*What to produce*
Quote the records that follow in full and exactly; leave out the pictures.

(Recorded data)
=== Section Start ===

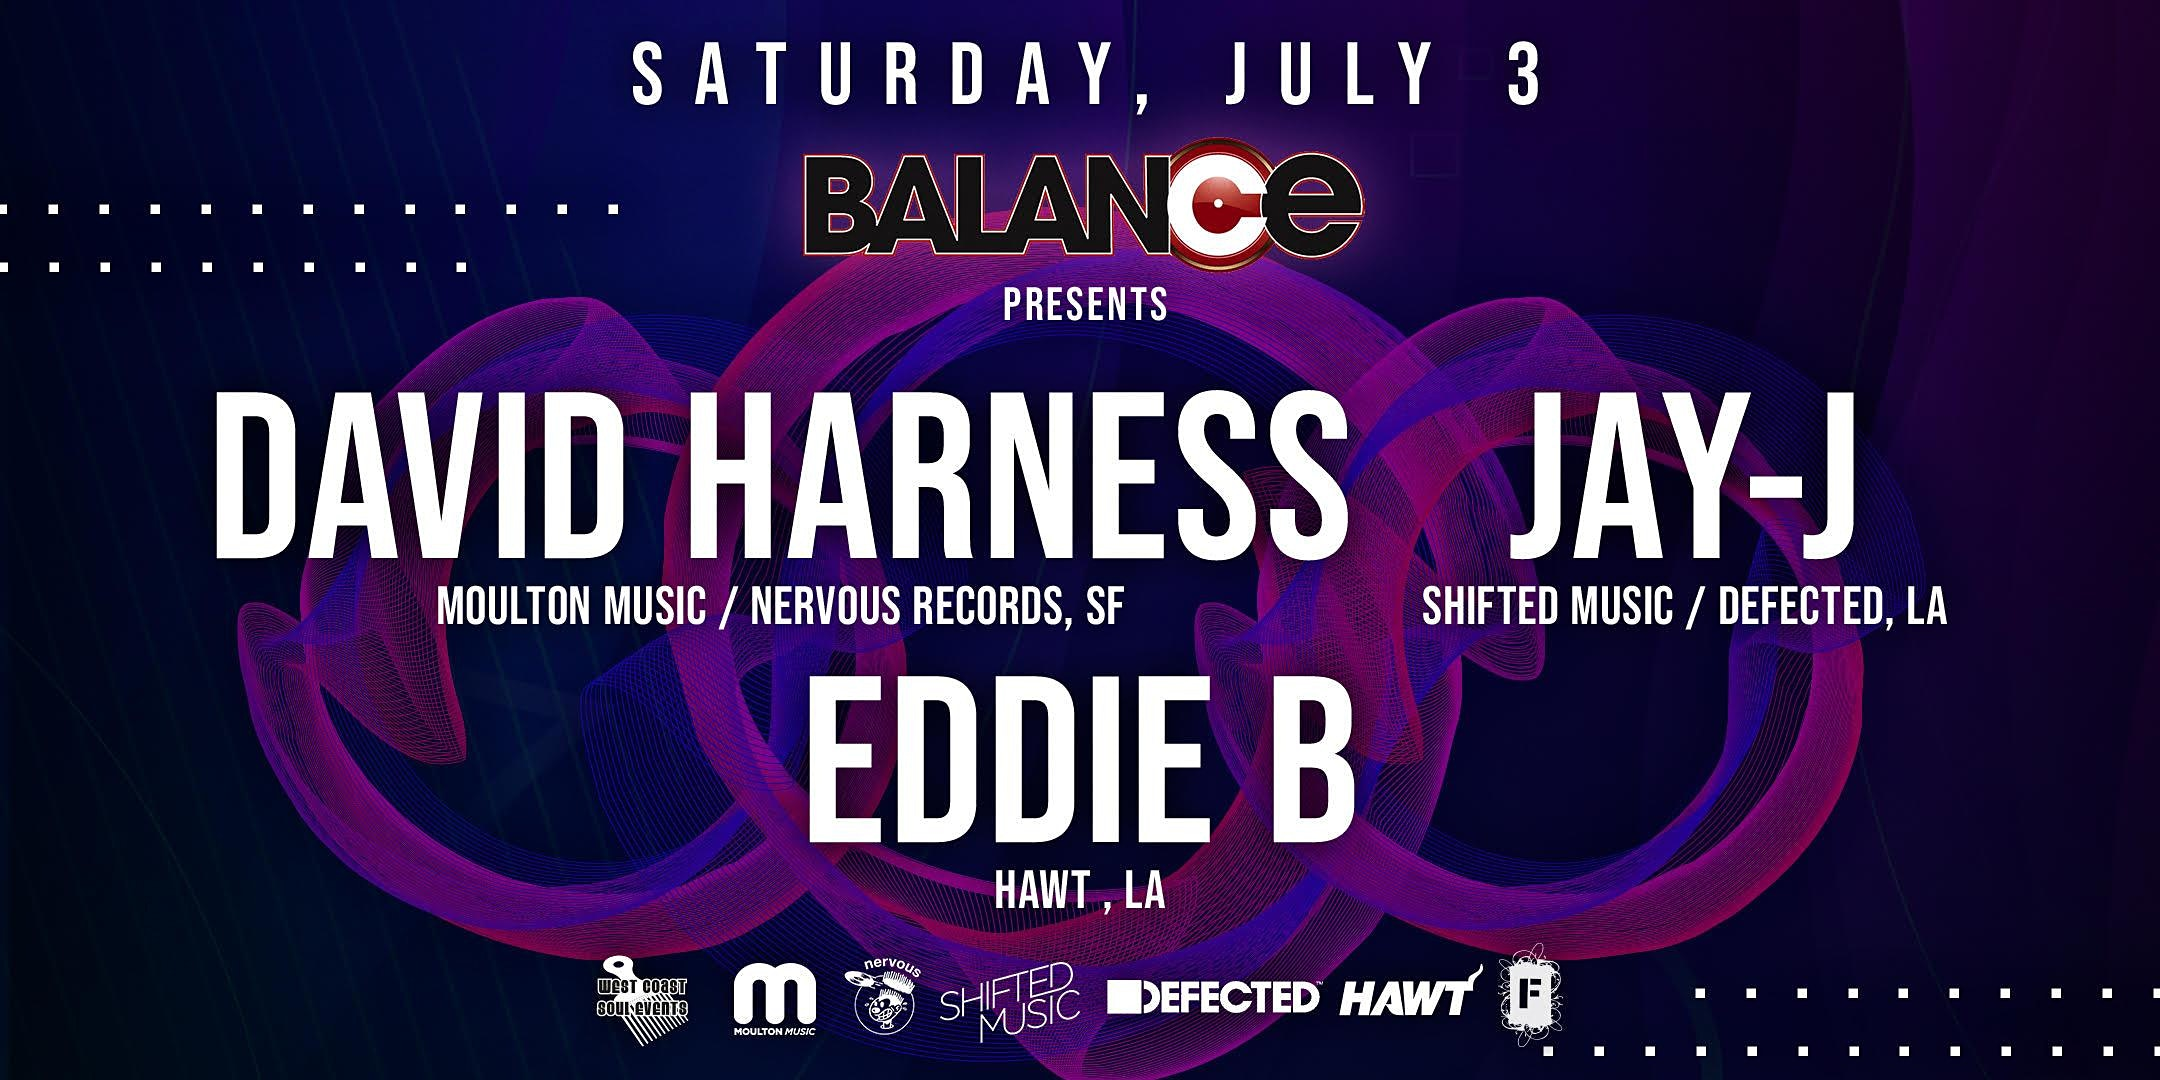 DAVID HARNESS (SF) & JAY-J (SF) Along with EDDIE B. (LA)
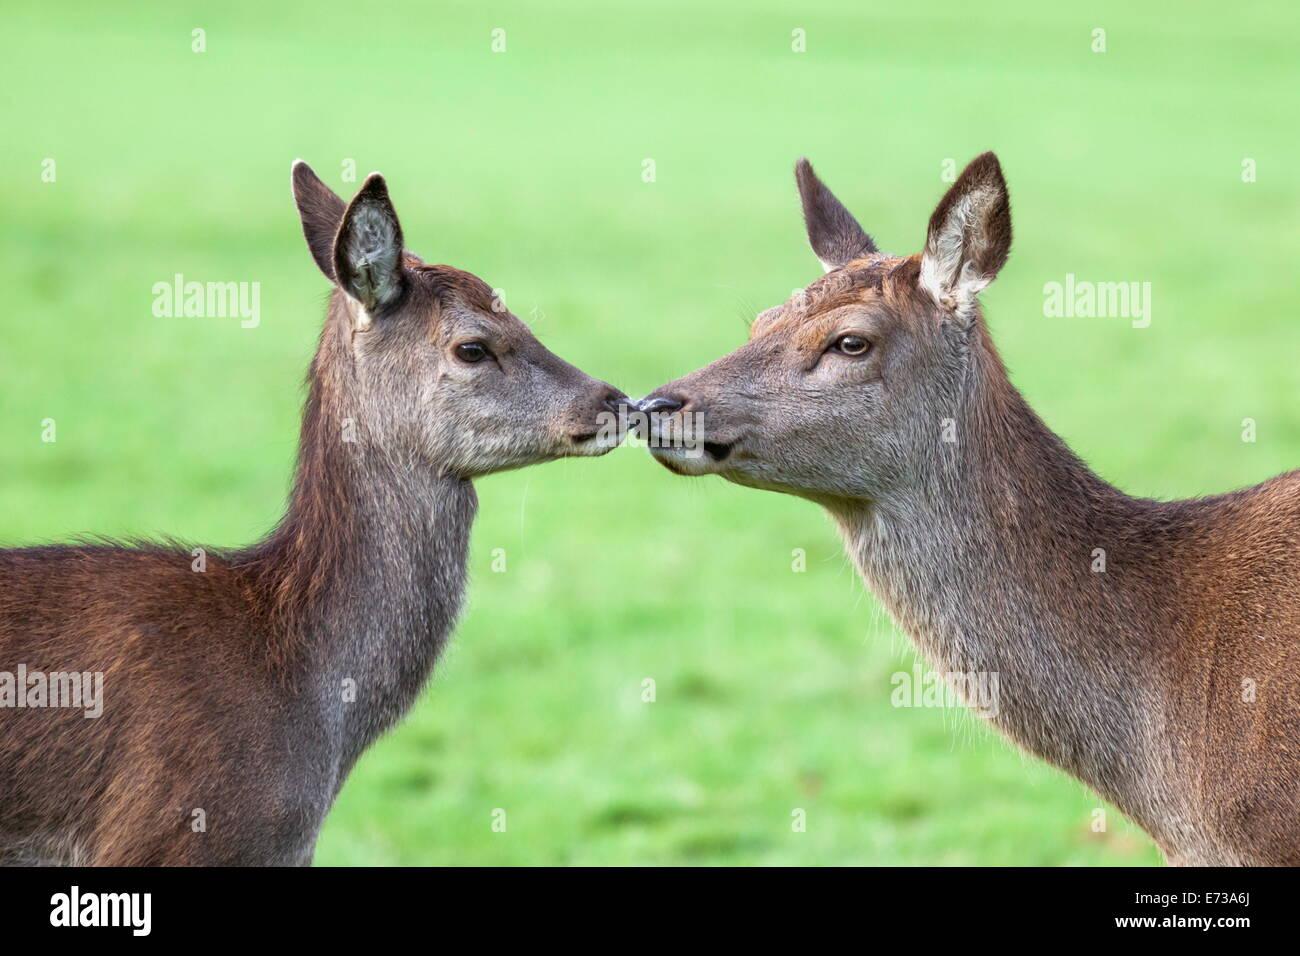 Red deer hind with young (Cervus elaphus), Arran, Scotland, United Kingdom, Europe - Stock Image
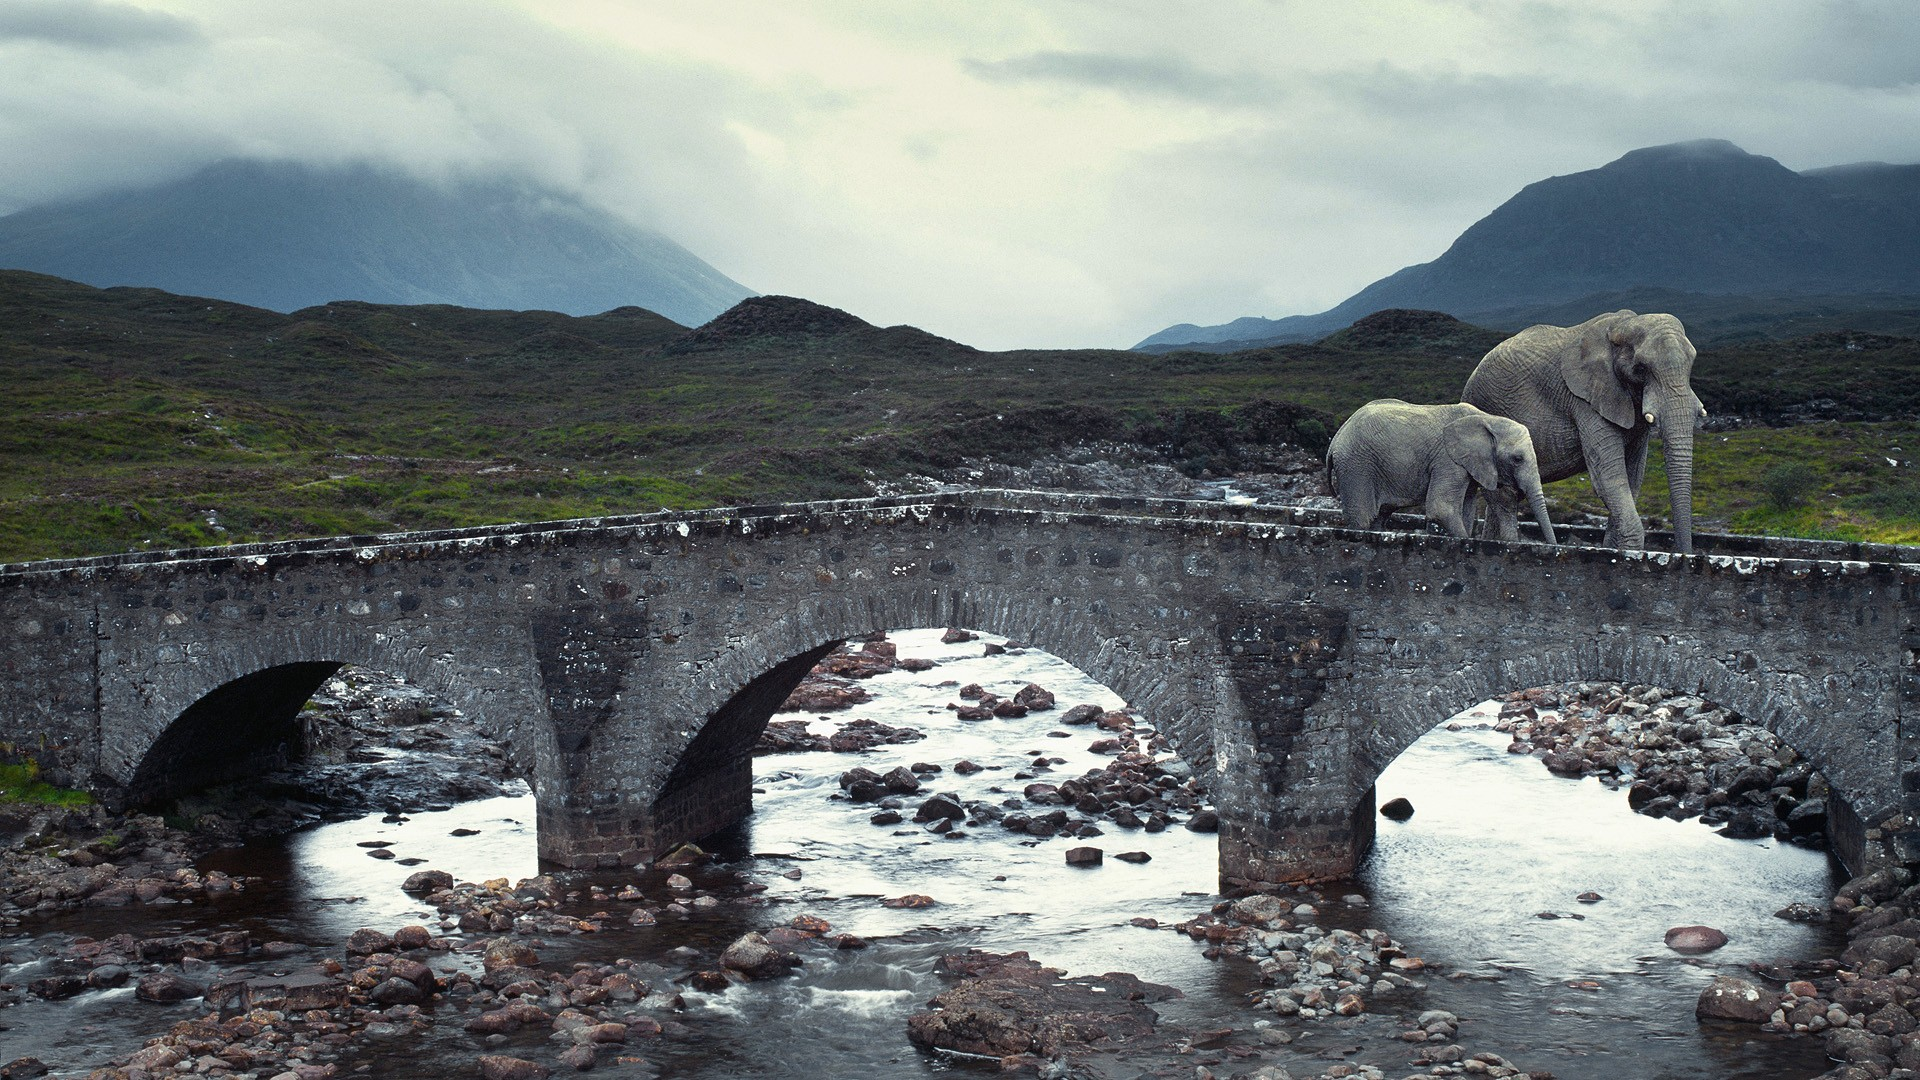 Elephant on Bridge
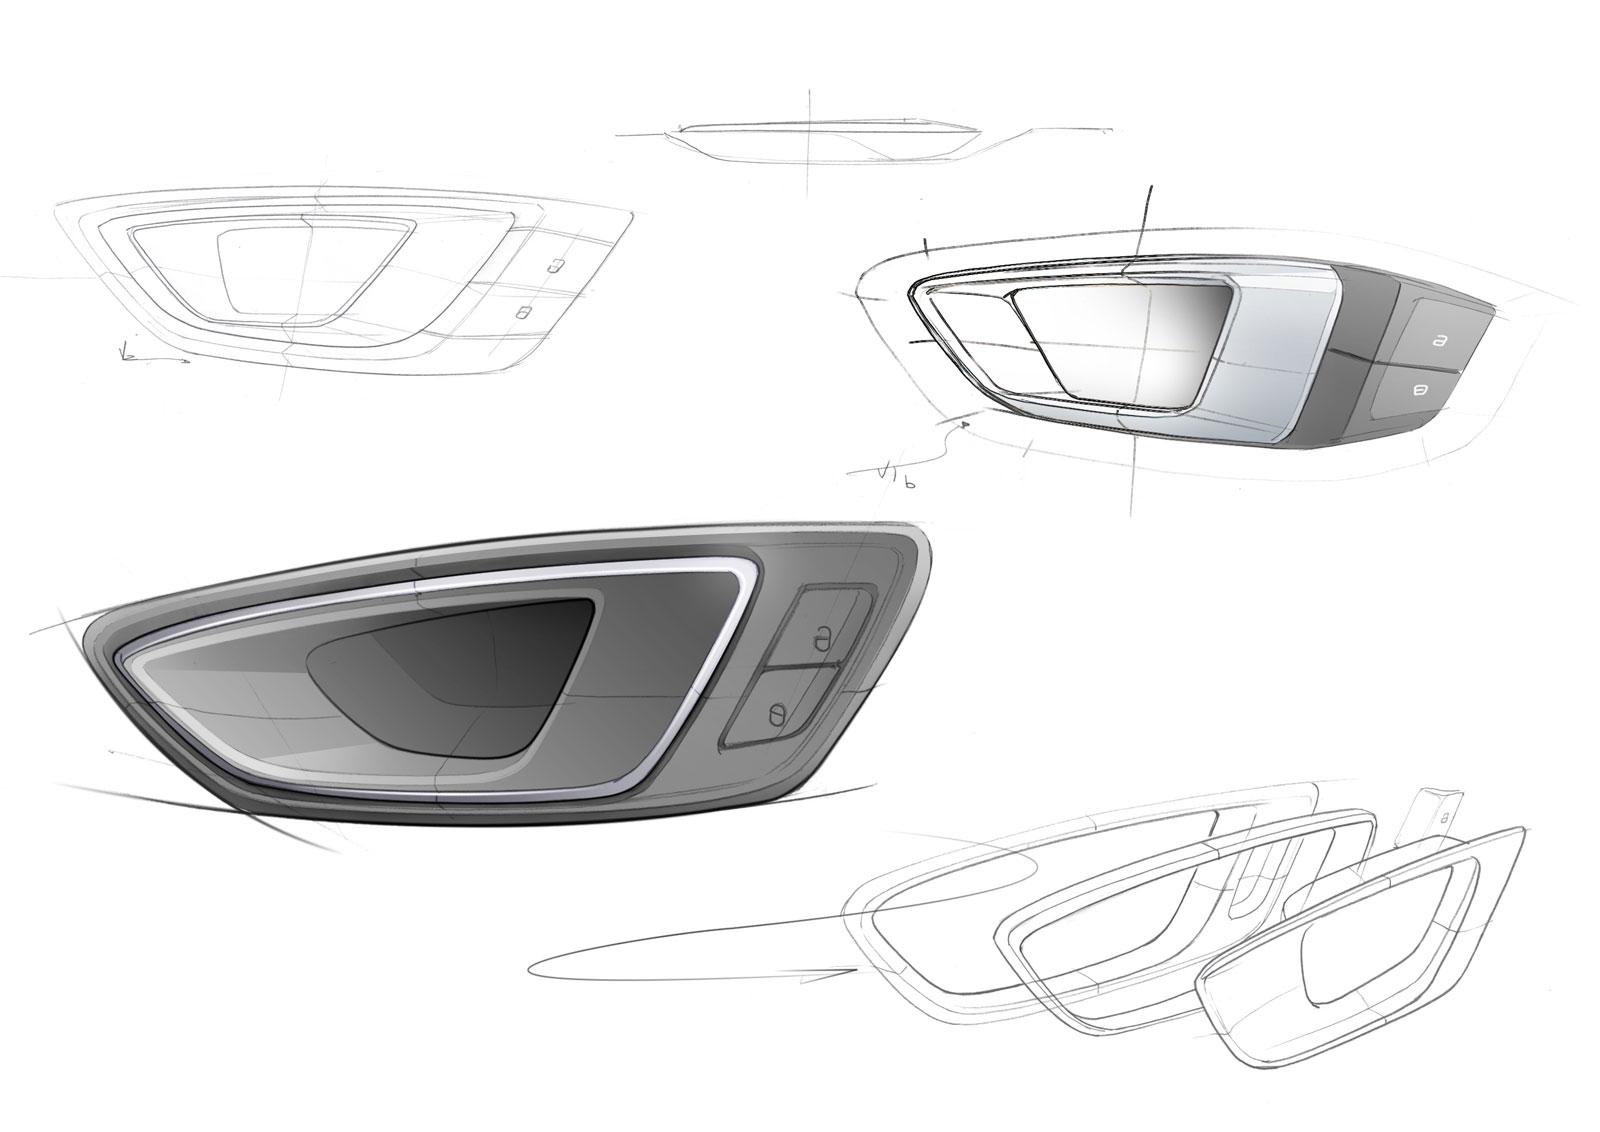 seat leon st interior door handle design sketches car body design. Black Bedroom Furniture Sets. Home Design Ideas
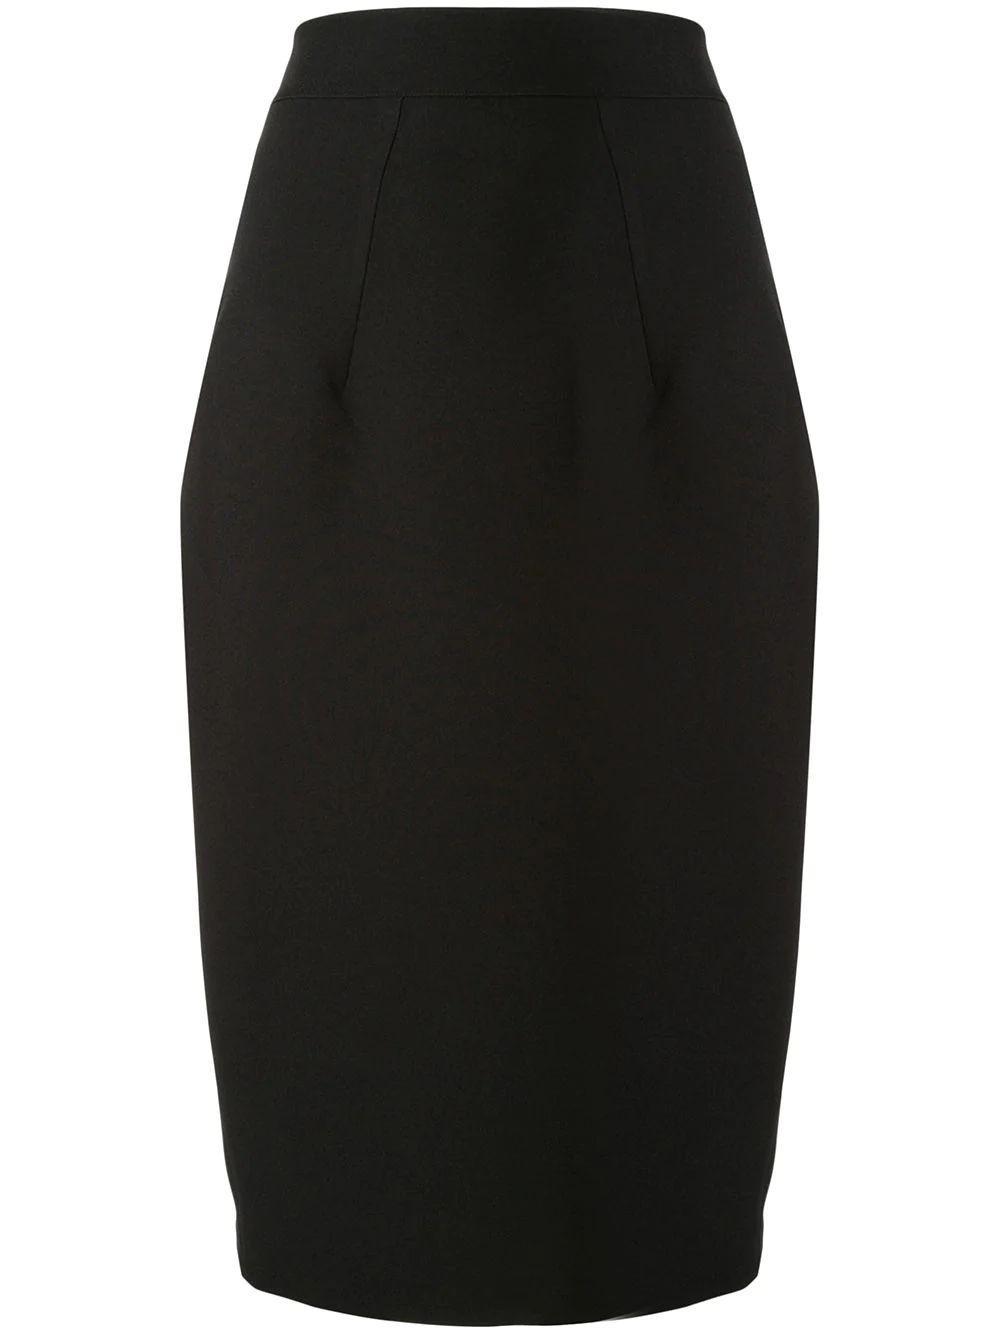 Hokoku Pencil Skirt

=== Section End ===

*Answer section*
 DAVID HARNESS (SF) & JAY-J (SF) Along with EDDIE B. (LA)
 Red deer hind with young (Cervus elaphus), Arran, Scotland, United Kingdom, Europe - Stock Image
 Elephant on Bridge
 seat leon st interior door handle design sketches car body design. Black Bedroom Furniture Sets. Home Design Ideas
 Hokoku Pencil Skirt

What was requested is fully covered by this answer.